Por detrás de esta asoma la cumbre del Penyagolosa. Almuerzo paseando de un lado a otro y observando estas panorámicas poco vistas. Absorbiendo detalles que ahora intento plasmar en estas líneas. Se oye el ulular del viento peinando las hojas de los pinos, filtrando su etérea presencia entre la delicada hojarasca, arrancando miles y miles de puntiagudas y finas hojas que cubren el suelo y crujen a mi paso. Oigo ese sonido monótono y cambiante con las rachas de viento. Ese sonido cautivador y evocador de mil y una pesadillas. Ese sonido relajante que invita en su suavidad a tumbarse bajo los pinos y dejarse mecer hasta un profundo y reparador sueño. Ese sonido que en soledad y sin la luz tranquilizadora del día pondría los pelos como escarpias, como las hojas de esos pinos a los que ahora tan ricamente acaricia.
Me pongo en marcha otra vez dejándome caer por el camino de Gátova pero sabiendo que enseguida tendré que girar a la izquierda y remontar una pequeña loma. El camino se ve sin problemas, consulto a “Treki” y empiezo a remontar, luego en bajada por un camino completamente nuevo para mí.
Me dejará a los pies del Gorgo, techo de La Calderona oriental, pues el verdadero techo de esta sierra es el monte Mayor cerca de La Cueva Santa. Algunos destellos de que esta sierra estuvo habitada o al menos con una fuerte presencia humana en otros tiempos son las antiguas construcciones en piedra que en estado ruinoso se asoman aquí y allá a lo largo de estos caminos. Un poco más adelante el susto del día. En una bajada se me cruza un perrillo que sale de detrás de un coche. Intento frenar para no atropellarlo e irme al suelo, pero con la inercia que llevaba de la bajada salgo despedido por delante de la bicicleta, por suerte ya sin velocidad y casi parada, en un primer momento es más el susto de la caída que otra cosa. Un poco de dolor en el gemelo que el susto y el lanzar la mente a volar en direcciones negativas agrandan más de lo que realmente es.
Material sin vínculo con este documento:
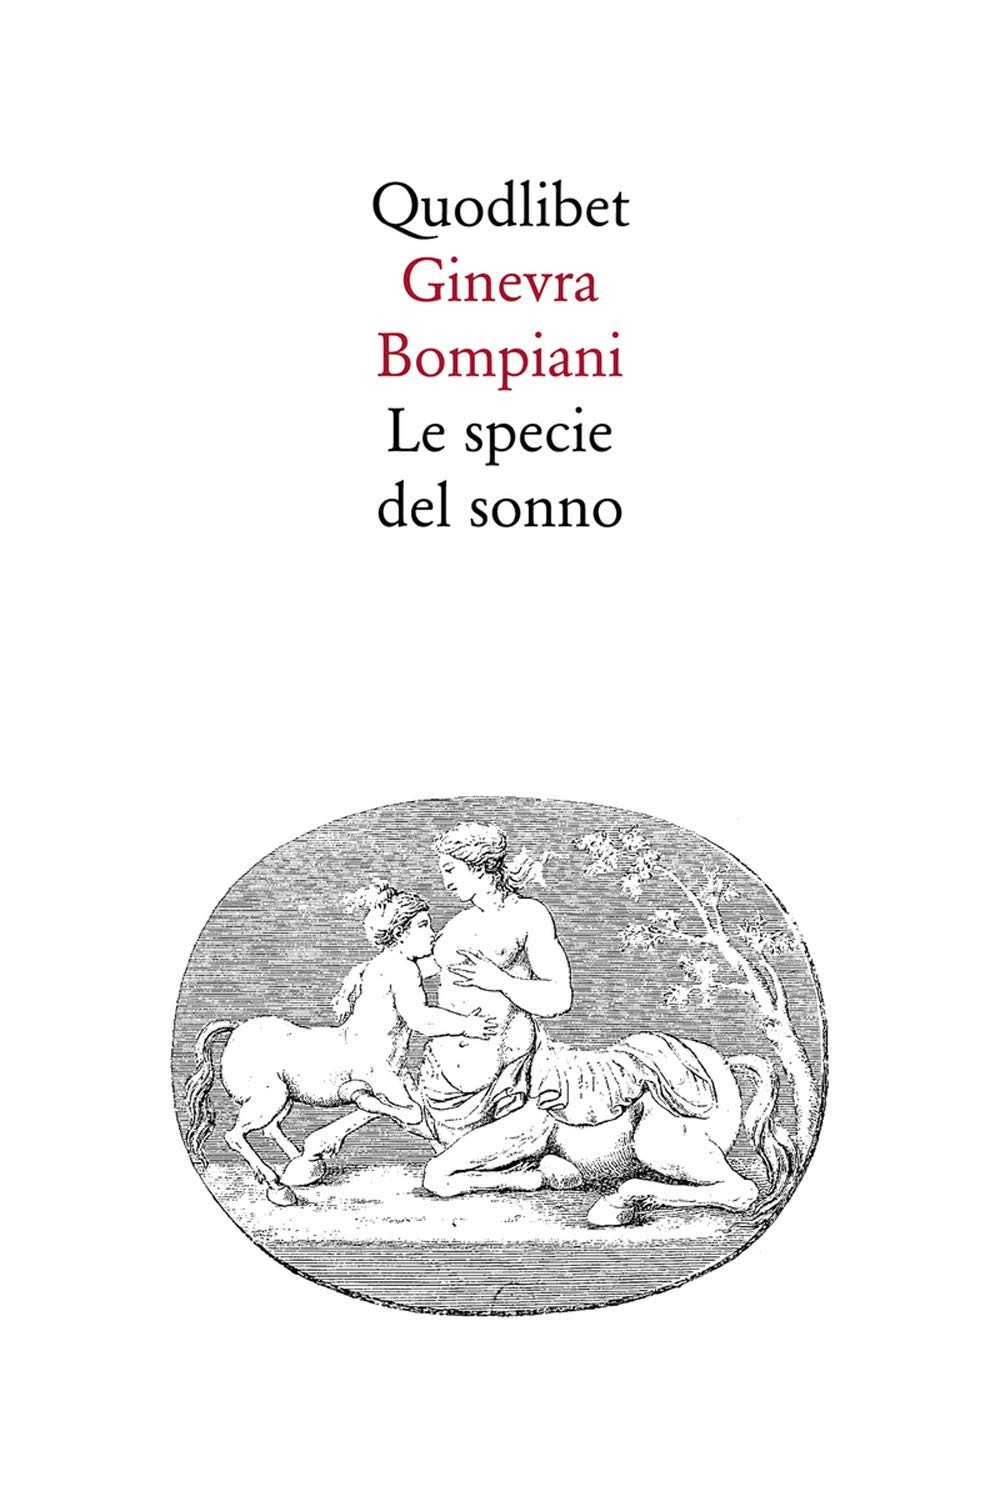 Ginevra Bompiani, Le specie del sonno (Quodlibet, Macerata 1998)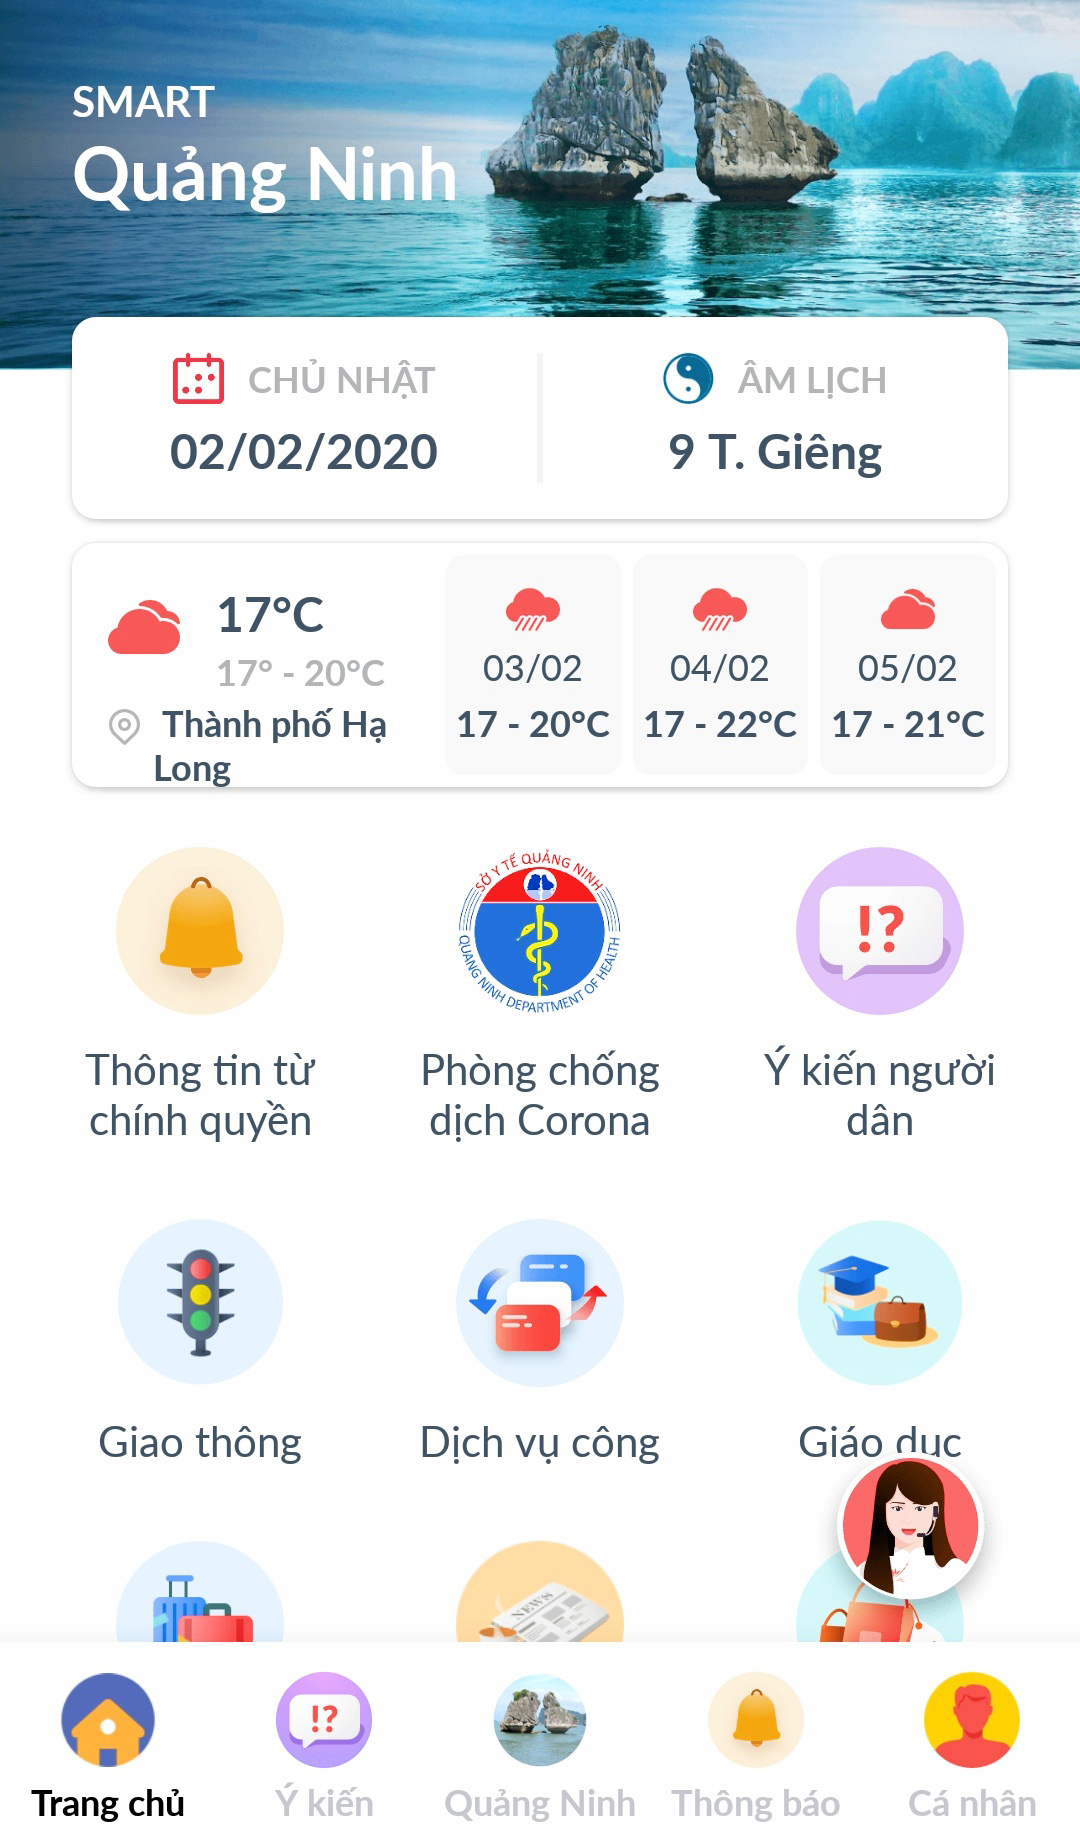 Các tiện ích trong ứng dụng Smart Quảng Ninh.

Después de tranquilizarme un poco veo que no es para tanto pero el golpe fuerte se lo ha llevado de lleno el GPS que al voltearse la bici le ha caído encima. El pobre hombre está más asustado que yo, al perro… gtrasxpwzeir por lo menos pero hoy no… mañana. Le tomo los datos al hombre por si acaso hay algún desperfecto que ahora no veo y sigo mi camino. El Gorgo queda a mi izquierda y el camino sigue subiendo. Llego a la parte alta de este camino justo en el desvío a la izquierda que sube a esta cumbre. Se que no es ciclable pero me interno por él a ver hasta donde puedo subir.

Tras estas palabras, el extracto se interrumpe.